Chattahoochee Valley Community College
- Former names: Chattahoochee Valley State Junior College Chattahoochee Valley State Community College
- Type: Public community college
- Established: 1973
- Location: Phenix City, Alabama, United States 32°25′26″N 85°01′52″W﻿ / ﻿32.424°N 85.031°W
- Campus: Rural;
- Mascot: Pirates
- Website: www.cv.edu

= Chattahoochee Valley Community College =

Public college in Phenix City, Alabama, US

Chattahoochee Valley Community College is a public community college in Phenix City, Alabama. It serves residents of Russell County and parts of Bullock, Lee, Macon, and Barbour Counties, as well as the Columbus, Georgia metropolitan area. Since 1975 it has shared its campus with Troy University's Phenix City Campus.

==History==
The college was established in 1973 as the Chattahoochee Valley State Junior College by an act of the Alabama State Legislature. It opened in January 1974 in a temporary location with 280 students, and in April 1974 had 1,239 students. Local residents donated 103 acres of land for the college's permanent buildings. By 1976, the college had five new permanent buildings and 15 temporary buildings. The college has nine permanent buildings, the newest being the Instructional & Performing Arts Center (IPAC).

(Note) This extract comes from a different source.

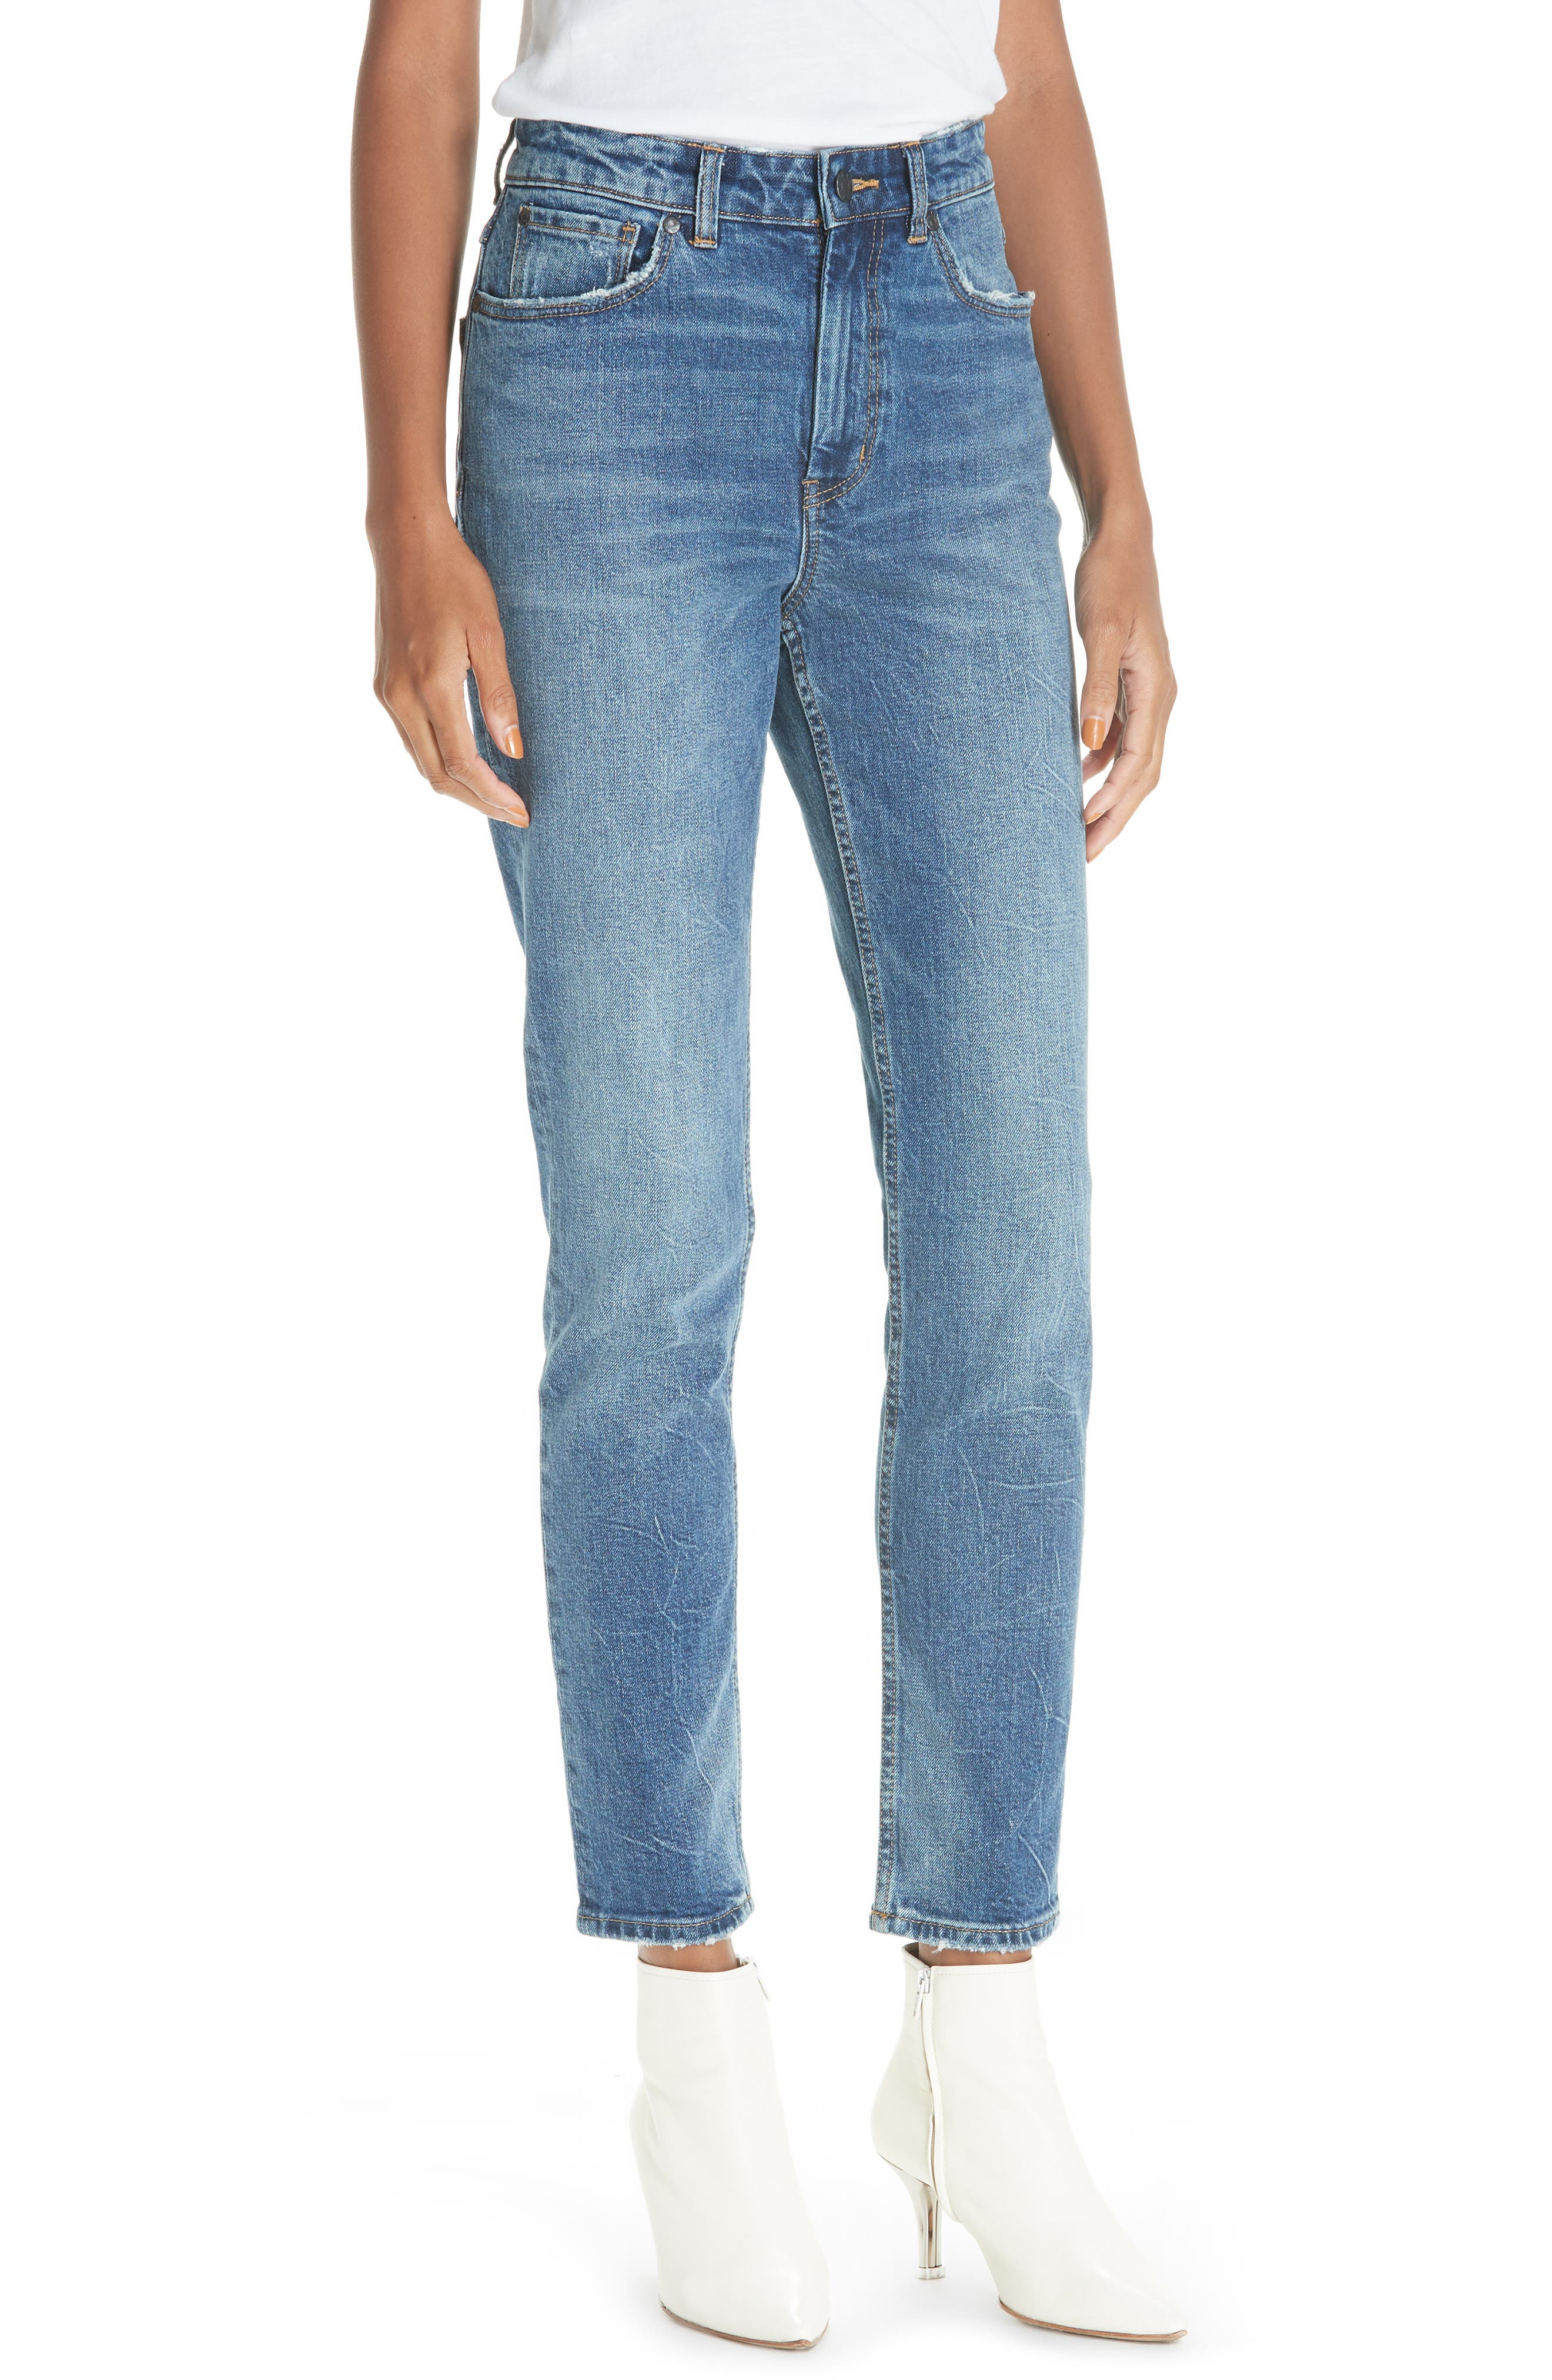 La Vie Rebecca Taylor High Waist Straight Leg Jeans (Garwsh)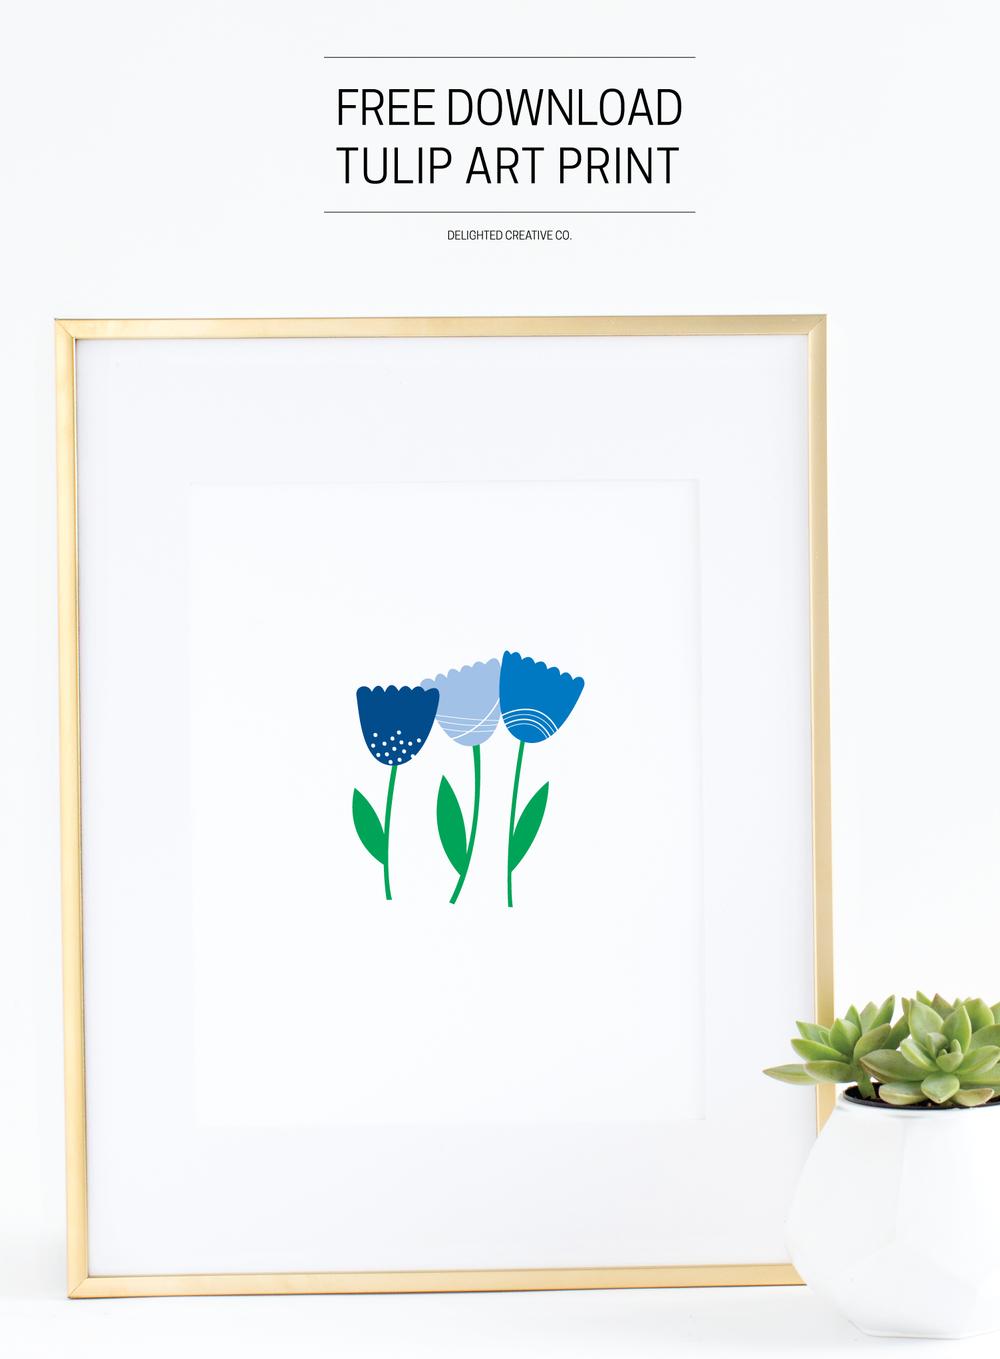 Free Download: Tulip Art Print | Amanda Gomes •Delighted Creative Co.

In the 1980s, the "junior" in the college's name was changed to "community". In 1996, the "state" was dropped, resulting in the current name, Chattahoochee Valley Community College.

The first president was Dr. Ralph M. Savage, appointed in October 1973. Subsequent presidents were Dr. James Owen (1980 until 1993), Dr. Richard Federinko (1993 to 2002), Dr. Laurel Blackwell (2003-2010) and Dr. Glen Cannon (2011-2014). The current interim president is Mr. Mark Ellard. In Spring of 2018, CVCC announced that Mrs. Jacqueline B. Screws was chosen as president after leading Wallace community college of Eufaula.

The Chattahoochee Valley Community College Foundation, an organization associated with the college, raises funds for student scholarships.